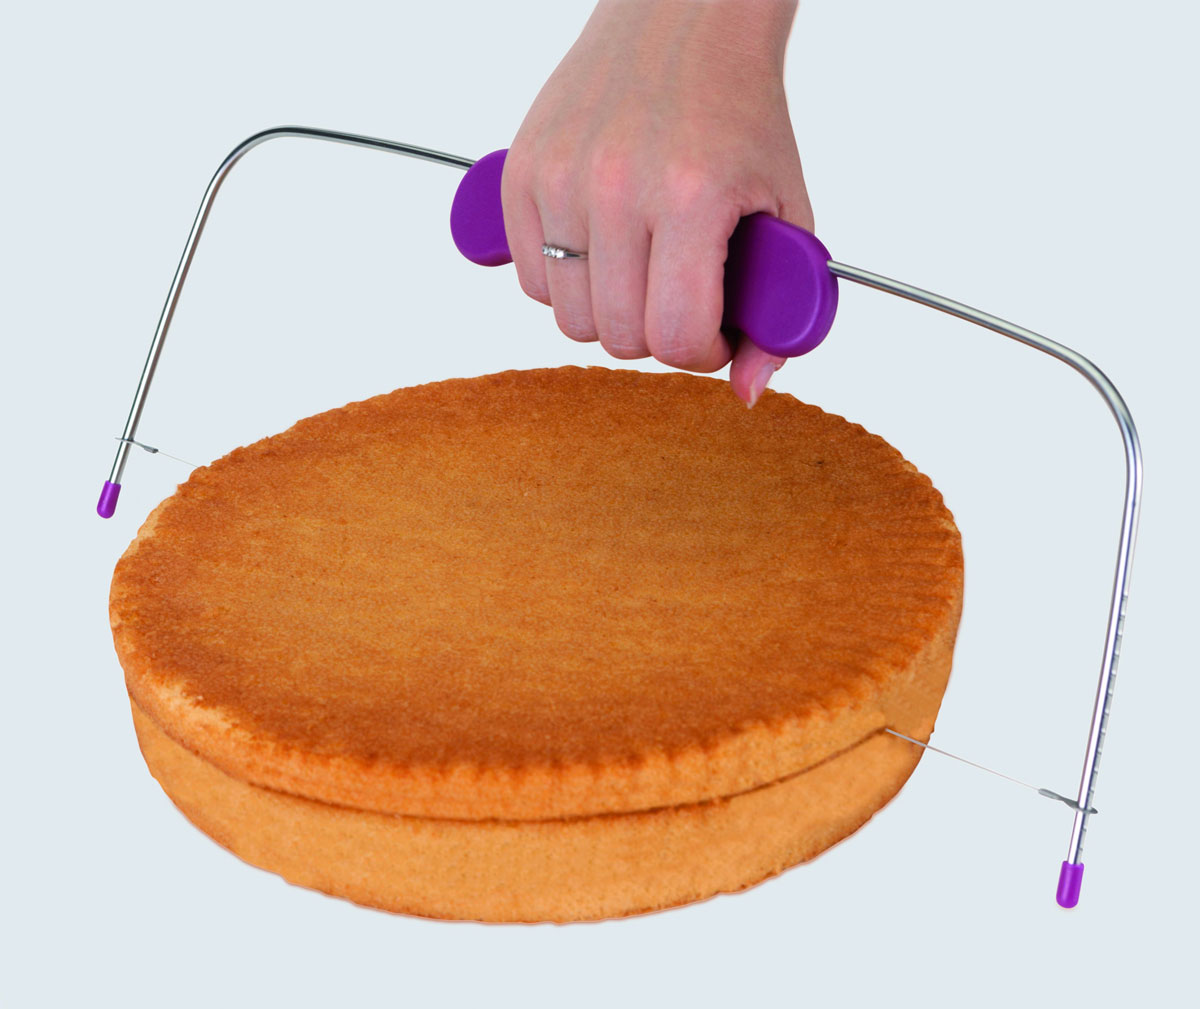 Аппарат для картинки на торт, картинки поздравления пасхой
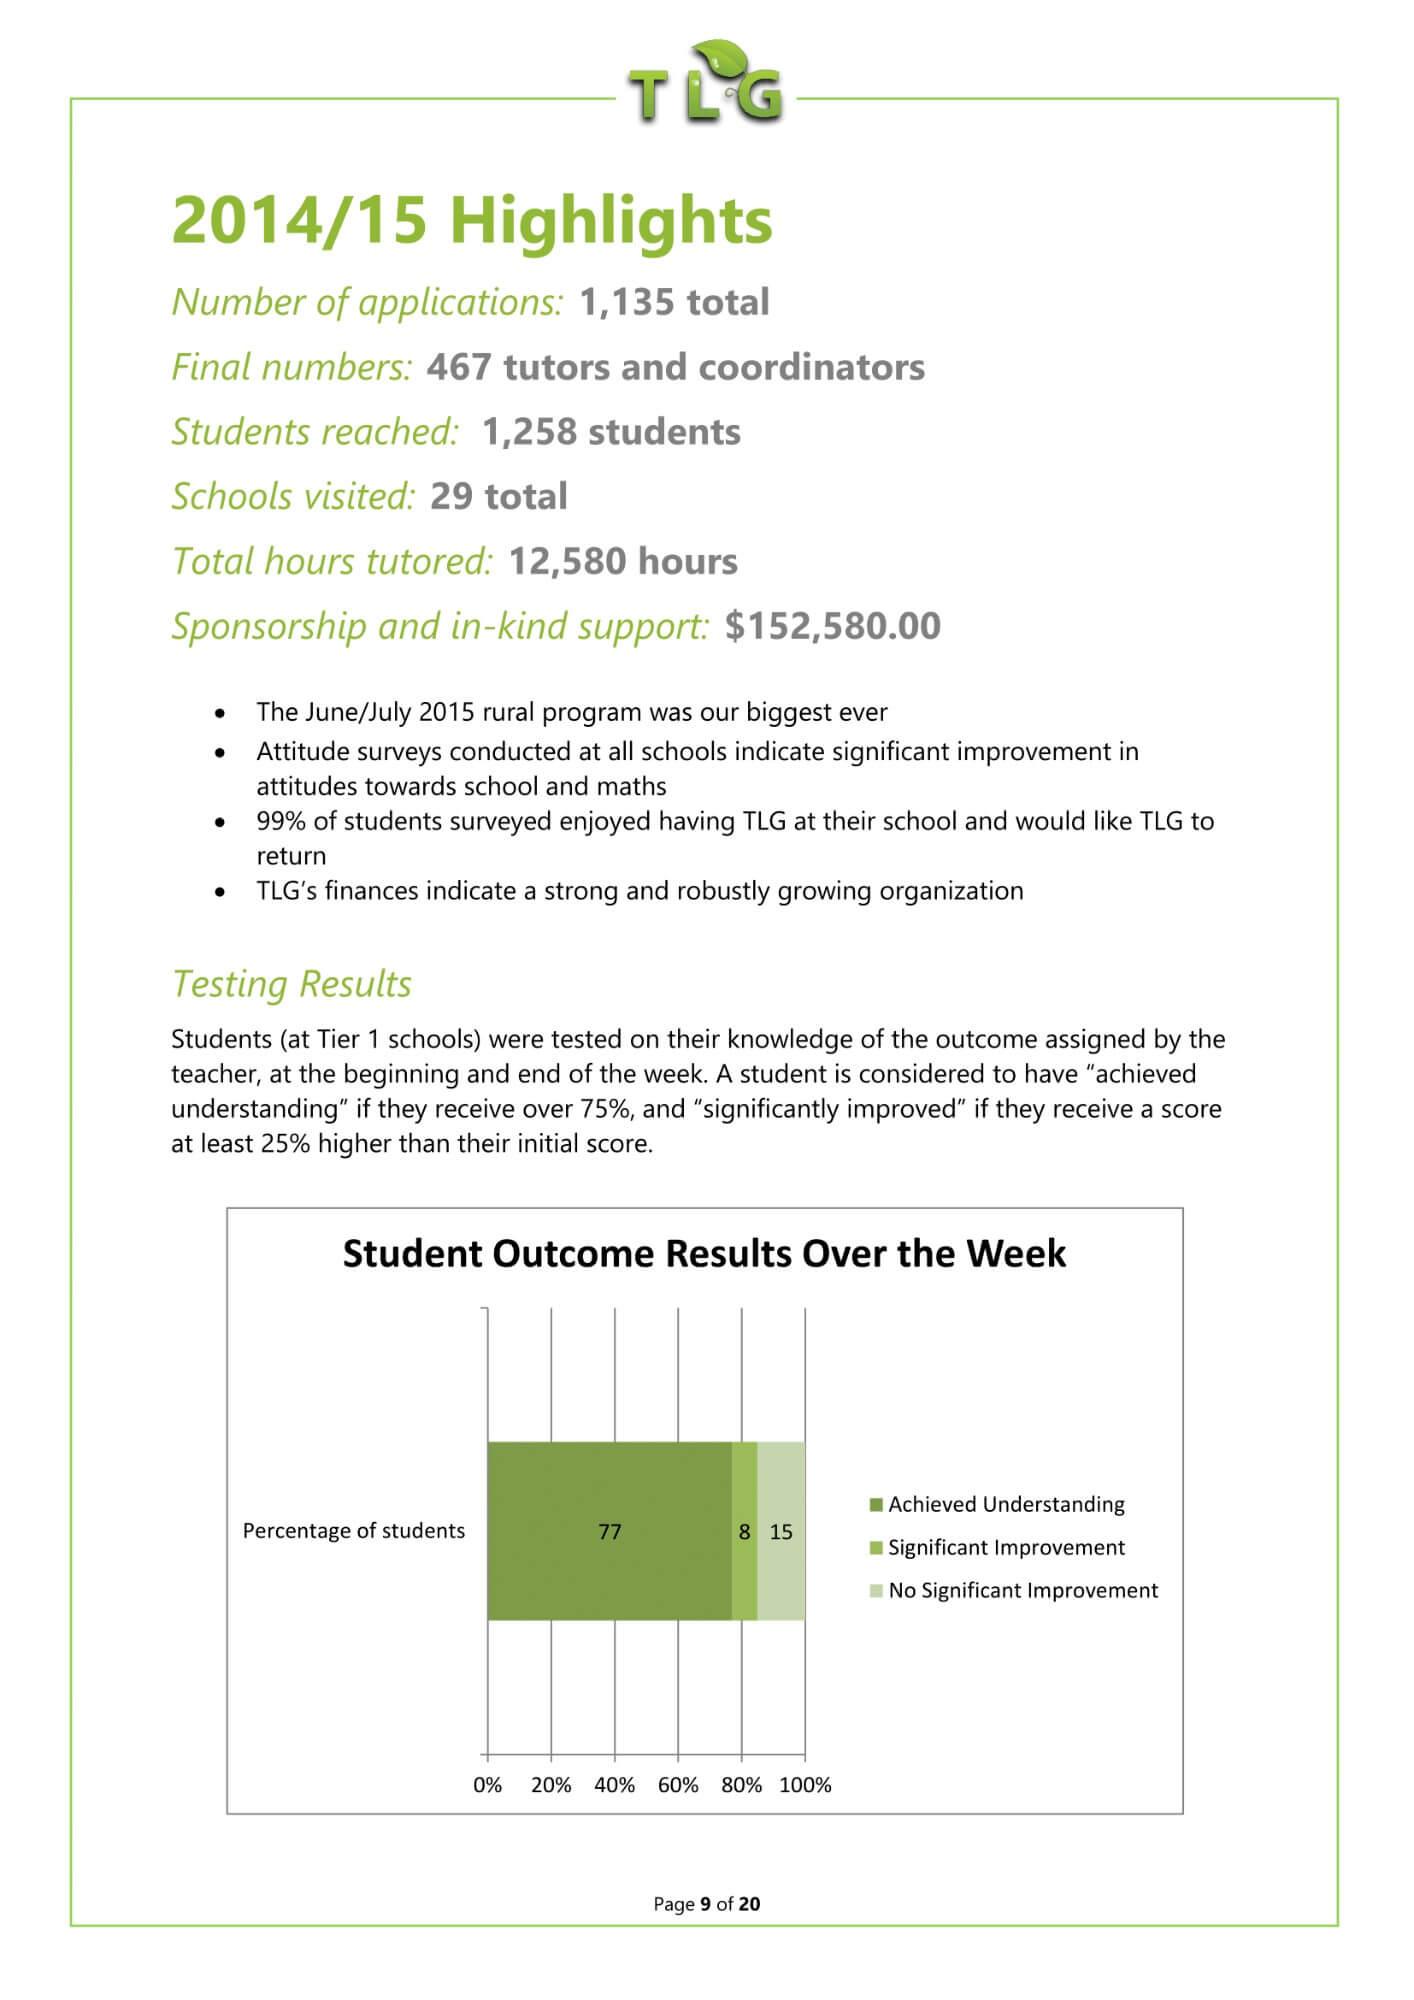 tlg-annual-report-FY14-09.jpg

* * *

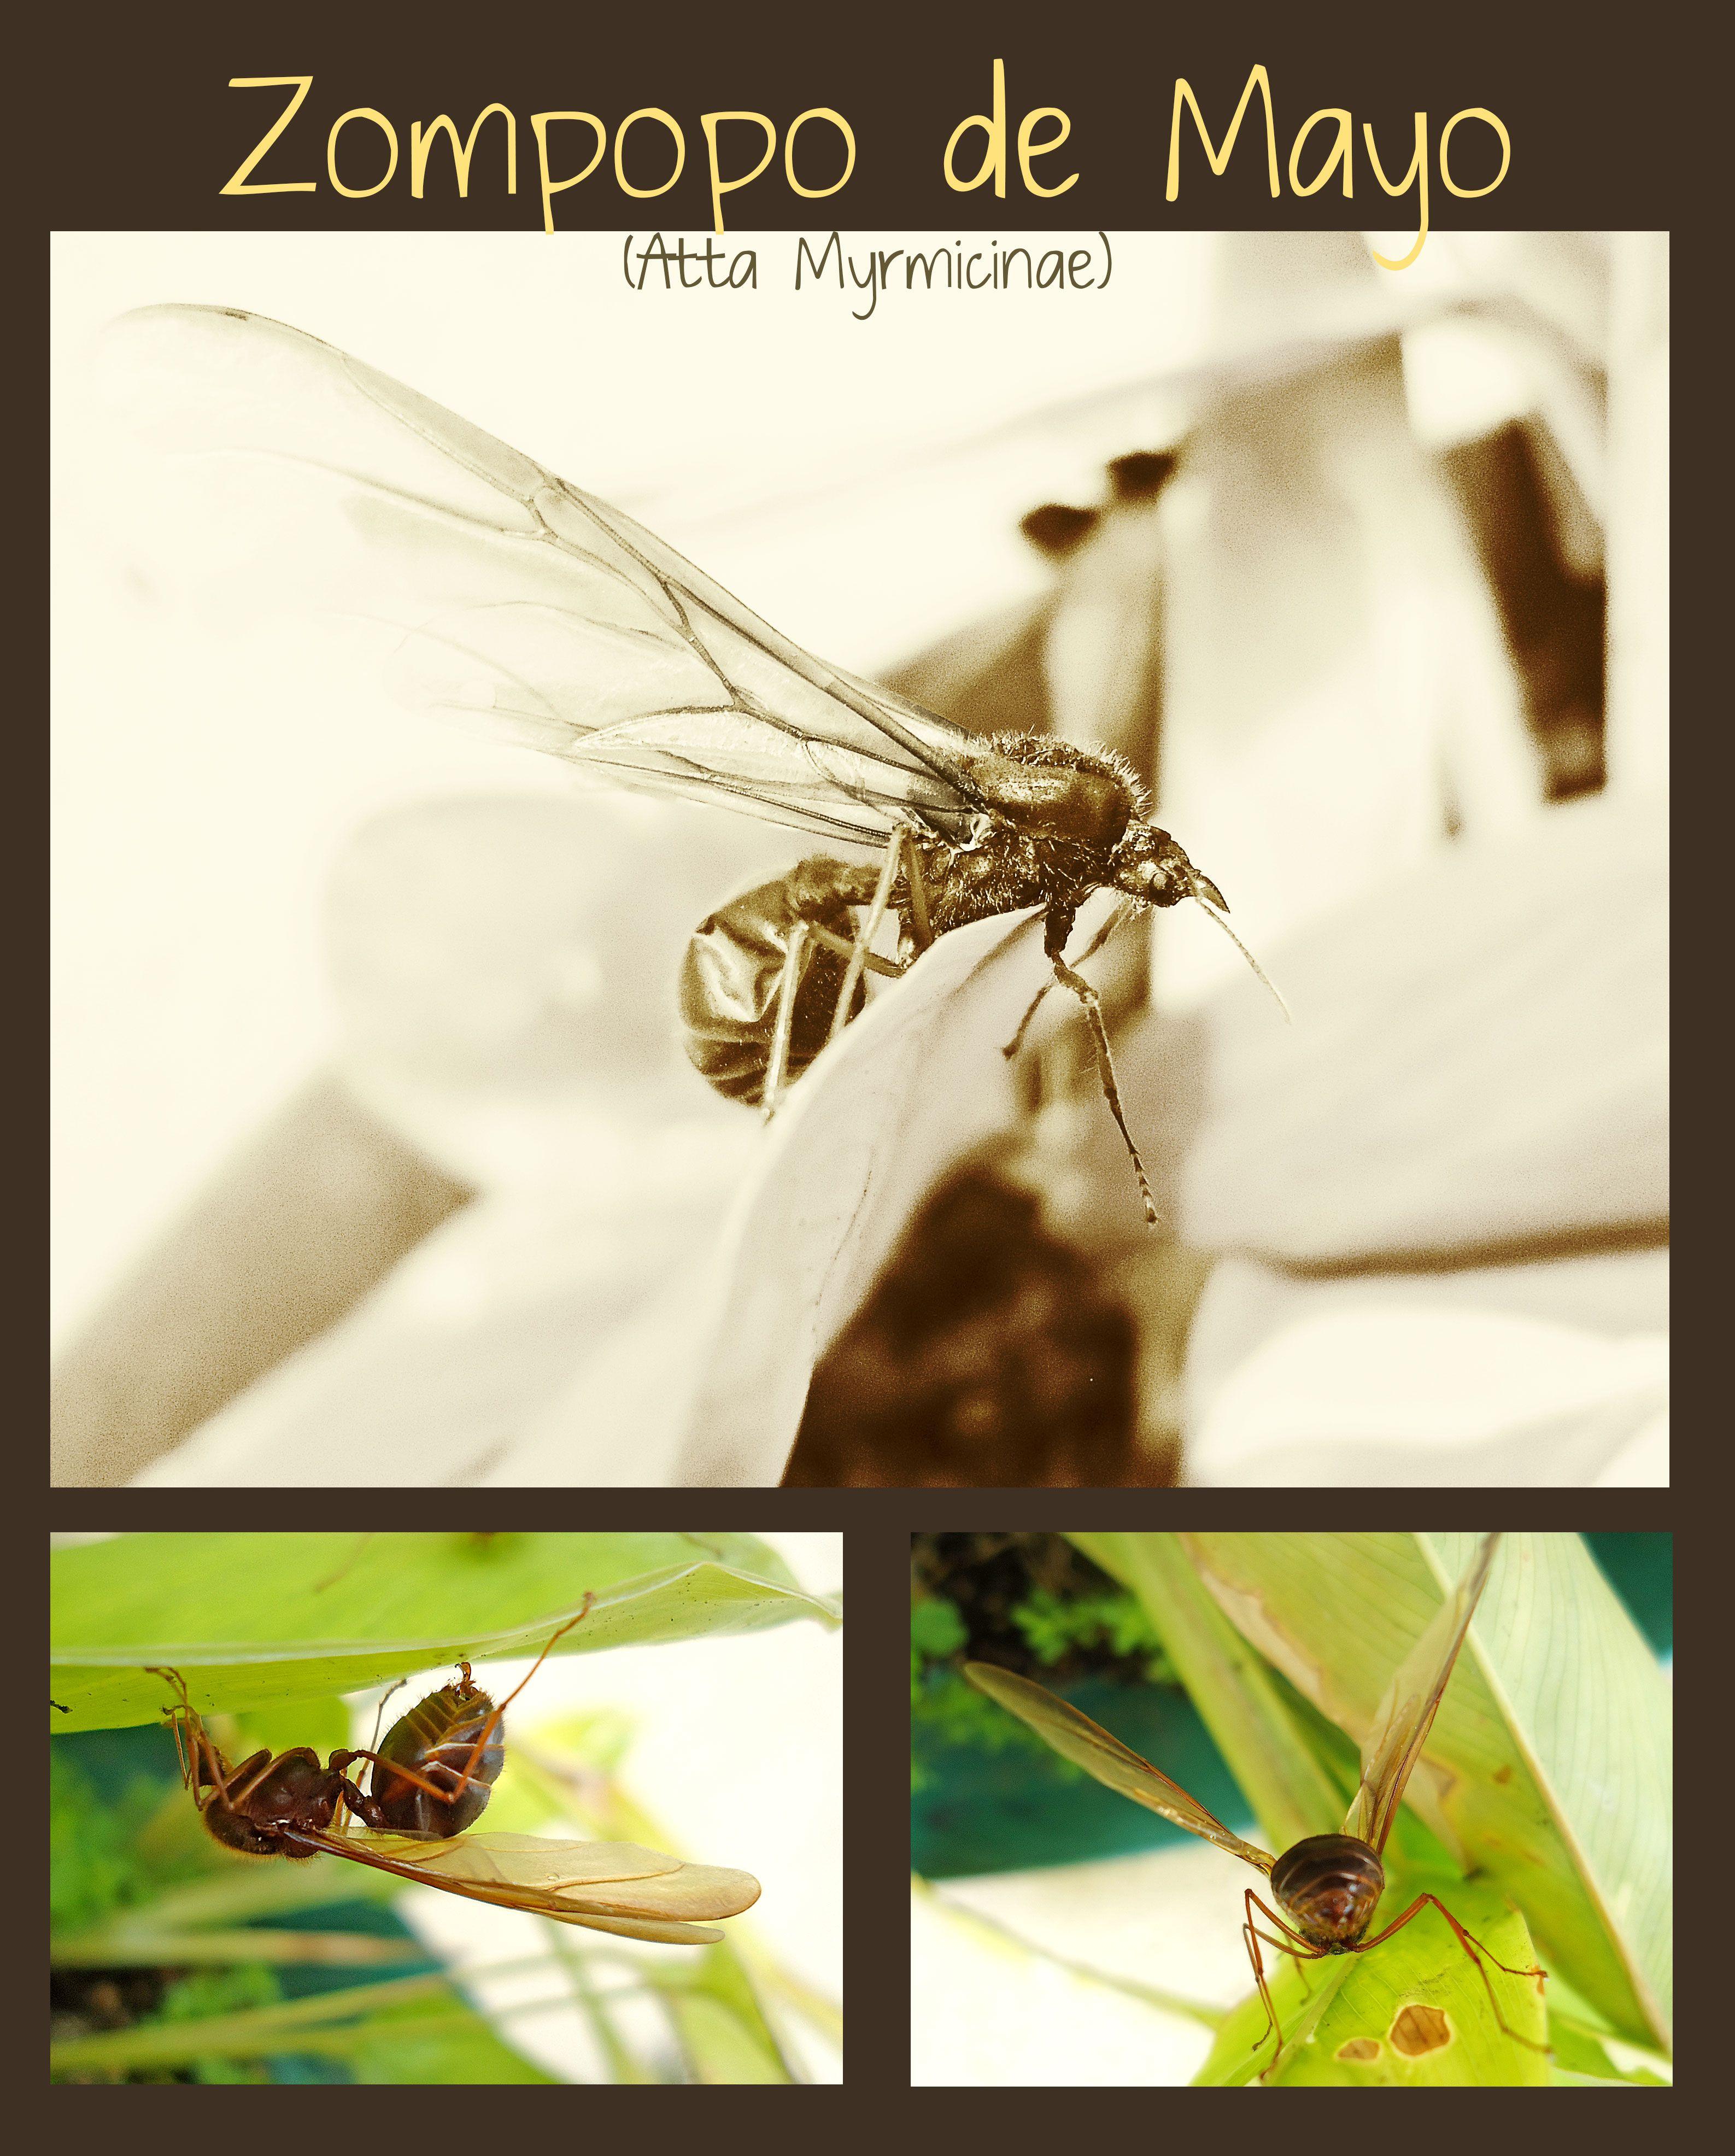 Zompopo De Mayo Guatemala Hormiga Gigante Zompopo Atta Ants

What is needed - Using the material above, reproduce only the lines that run from the line with "Аппарат для картинки" up to and including the line with "tlg-annual-report-FY14-09.jpg", exactly, with the pictures dropped.

Solution -
 Аппарат для картинки на торт, картинки поздравления пасхой
 tlg-annual-report-FY14-09.jpg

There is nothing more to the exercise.